After months of planning and discussions, the Tata Group has acquired full ownership of AirAsia India. The development is crucial as it clears the road for the eventual merger of AirAsia India and Air India Express to form a consolidated low-cost airline under the Tata brand.
Air India has announced that it has acquired 100% shareholding in AirAsia India to turn it into its subsidiary. The deal had been in the works for quite some time as the Tatas wanted to consolidate their airline business.
The plan received a significant boost in June when the Competition Commission of India (CCI) approved its decision to buy the entire equity share capital of AirAsia India. This gave the Tatas a free hand to plan any potential merger of the carrier in the days to come.
AirAsia India was launched in 2014 as a joint venture between the Tata Group and AirAsia Investment Limited. The Tatas began with a 51% equity share in the company, which was further raised to 83.67% in 2020. And now, the remaining 16.33% share has also gone to the Indian conglomerate for ₹1.56 billion (almost $19 million).

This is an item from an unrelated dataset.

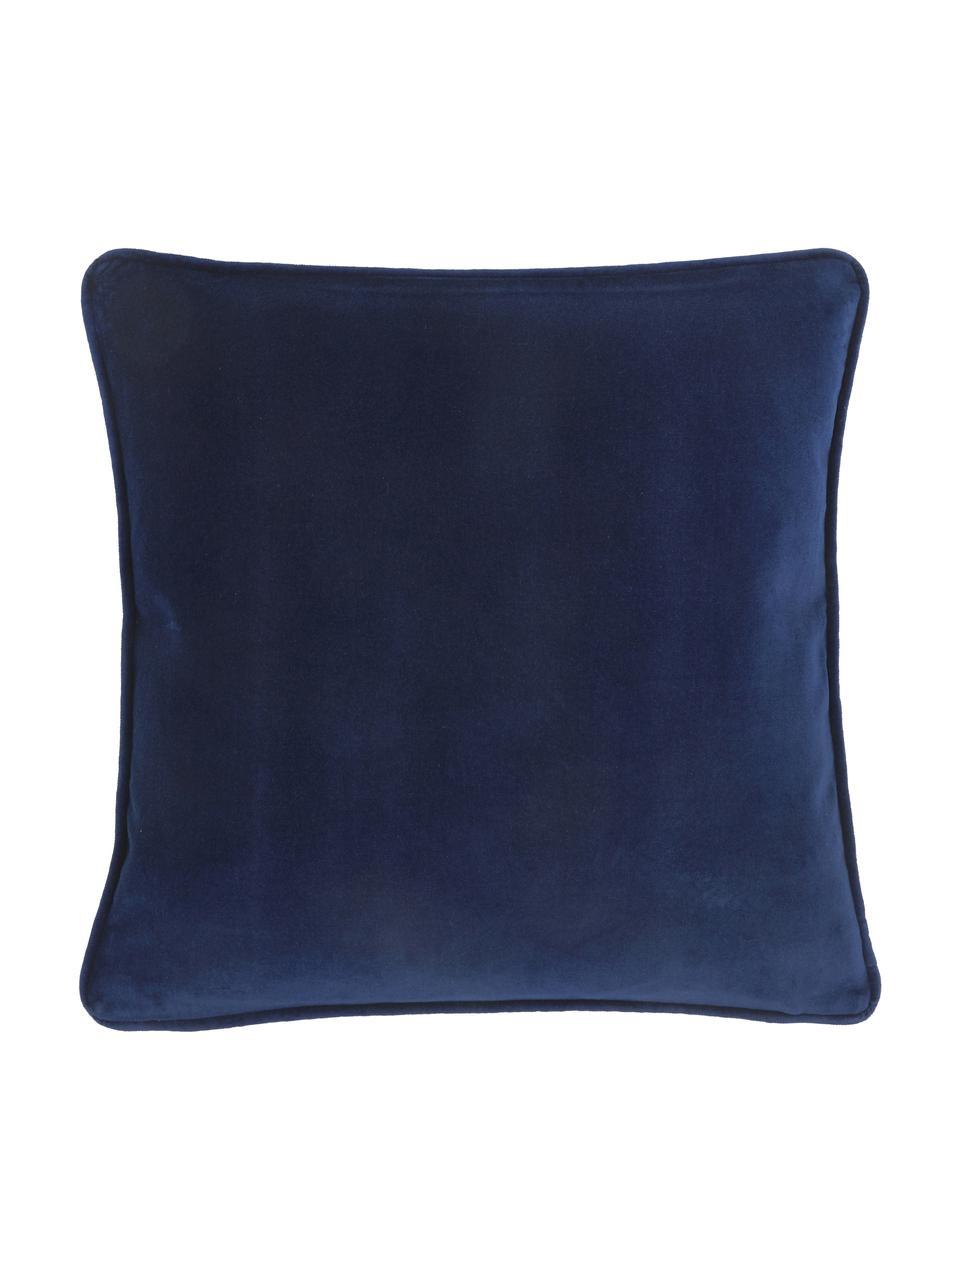 Effen fluwelen kussenhoes Dana in marineblauw, 100% katoenfluweel, Marineblauw, 50 x 50 cm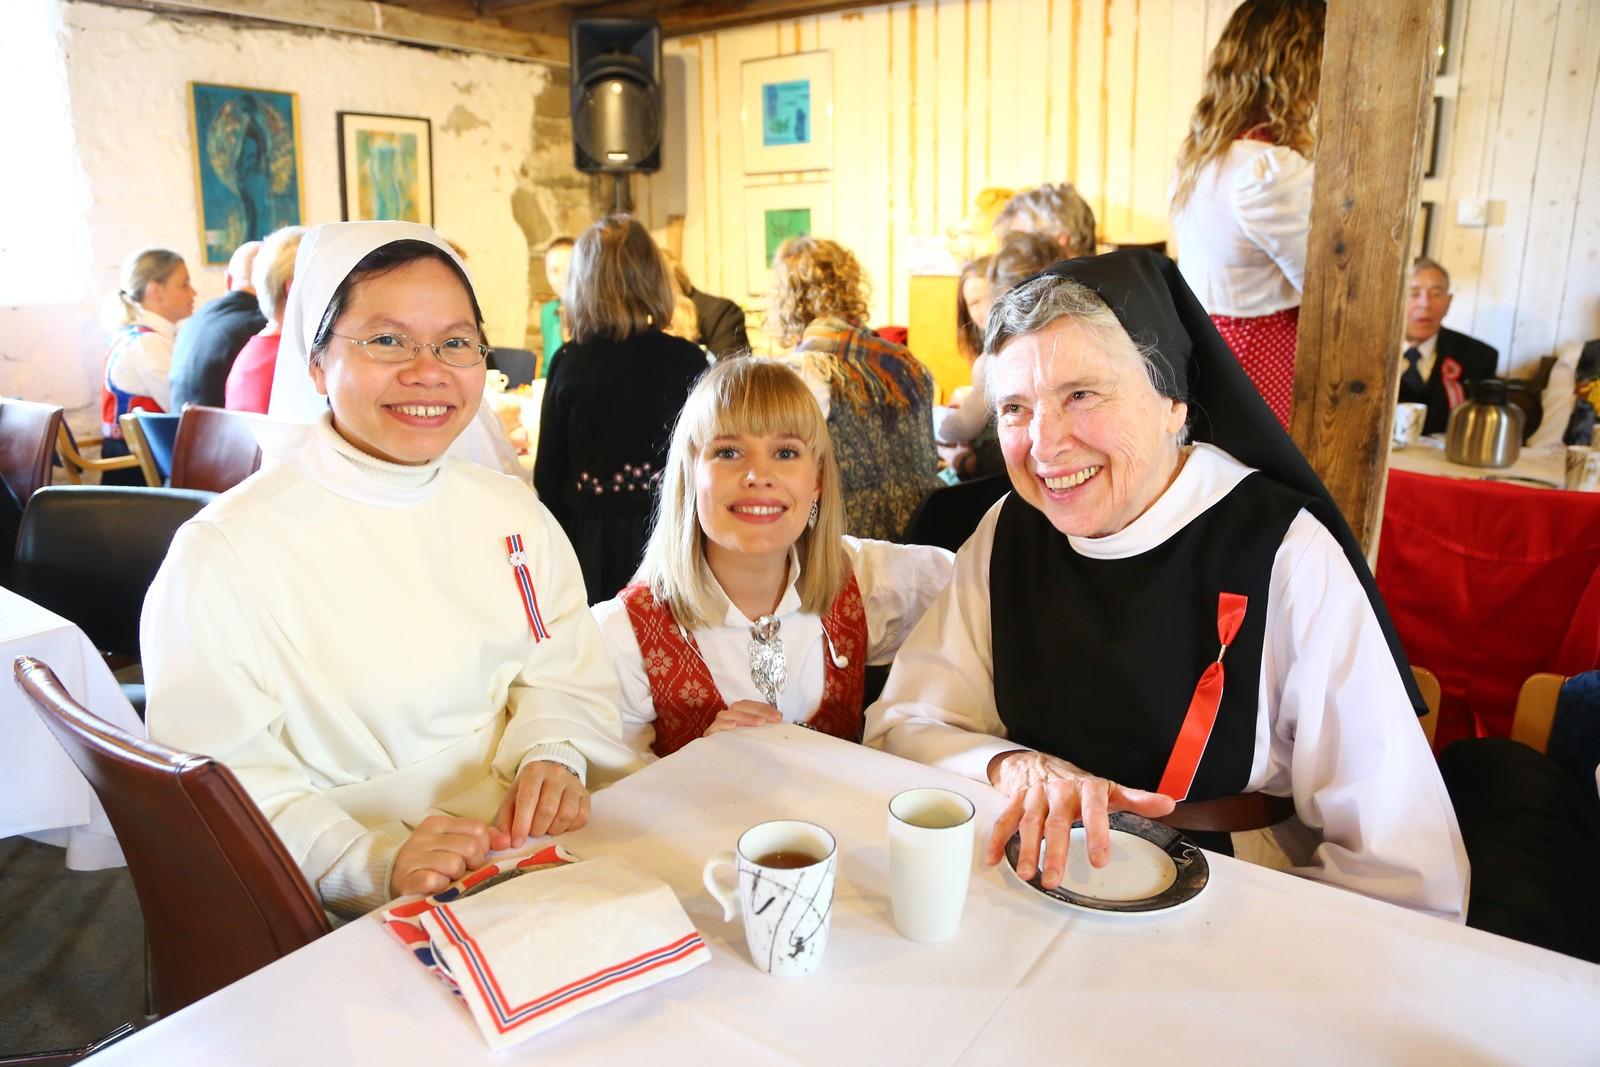 NRK Trøndelags TV-team, Mari Svenning og fotograf Morten Andersen, startet 17.mai-dagen sammen med nonnene på Tautra.

Bo Lingam, Group Chief Executive Officer of AirAsia Aviation Group, commented,
“We have had a great experience working with India’s leading Tata Group … This is not the end of our relationship, but the beginning of a new one as we explore new and exciting opportunities to collaborate and enhance our synergies moving forward.”
What had long been speculated is now finally confirmed by the Tatas — AirAsia India will be merged with the regional international low-cost carrier Air India Express.
Air India issued a statement that said an operational review process is underway with a view to ultimately integrating AirAsia India fully with Air India Express.
Both budget airlines will be merged as part of the restructuring roadmap that is being envisioned for the Tata group’s airline business and is expected to be complete by the end of 2023, subject to necessary corporate approvals.
Air India’s CEO Campbell Wilson commented,
“We are excited to initiate the creation of a single Air India Group low-cost carrier. This is a key step in the rationalisation and transformation of the Group, and we will be working closely with the management teams and staff throughout the process. We also look forward to the many new opportunities a stronger AI Group low-cost carrier will bring for customers and staff alike.”
Bringing them together
In the coming months, the chiefs of both airlines will help facilitate the merger and report to a committee led by Wilson himself. Both airlines have already begun the process of moving their offices under one roof by early next year, and key decisions such as employee and fleet integration (AI Express operates a fleet of Boeing 737s and AirAsia India A320s) will take place.
Photo: Getty Images
AirAsia India has had a rough couple of years due to the pandemic, with its loss increasing by 42% on a year-on-year basis to almost $275 million. Its revenue grew by nearly 39% to $238 million, but a 67% hike in aviation turbine fuel and a weakening Indian rupee against the US dollar impacted the overall numbers.
Air India Express maintained a healthy balance sheet for many years but posted a net loss of around $8.9 million against a net profit of around $12 million last year, losing money for the first time in seven years.
Still, it intends to go for a significant fleet and network expansion, and its integration with AirAsia India will certainly help the carrier with those plans.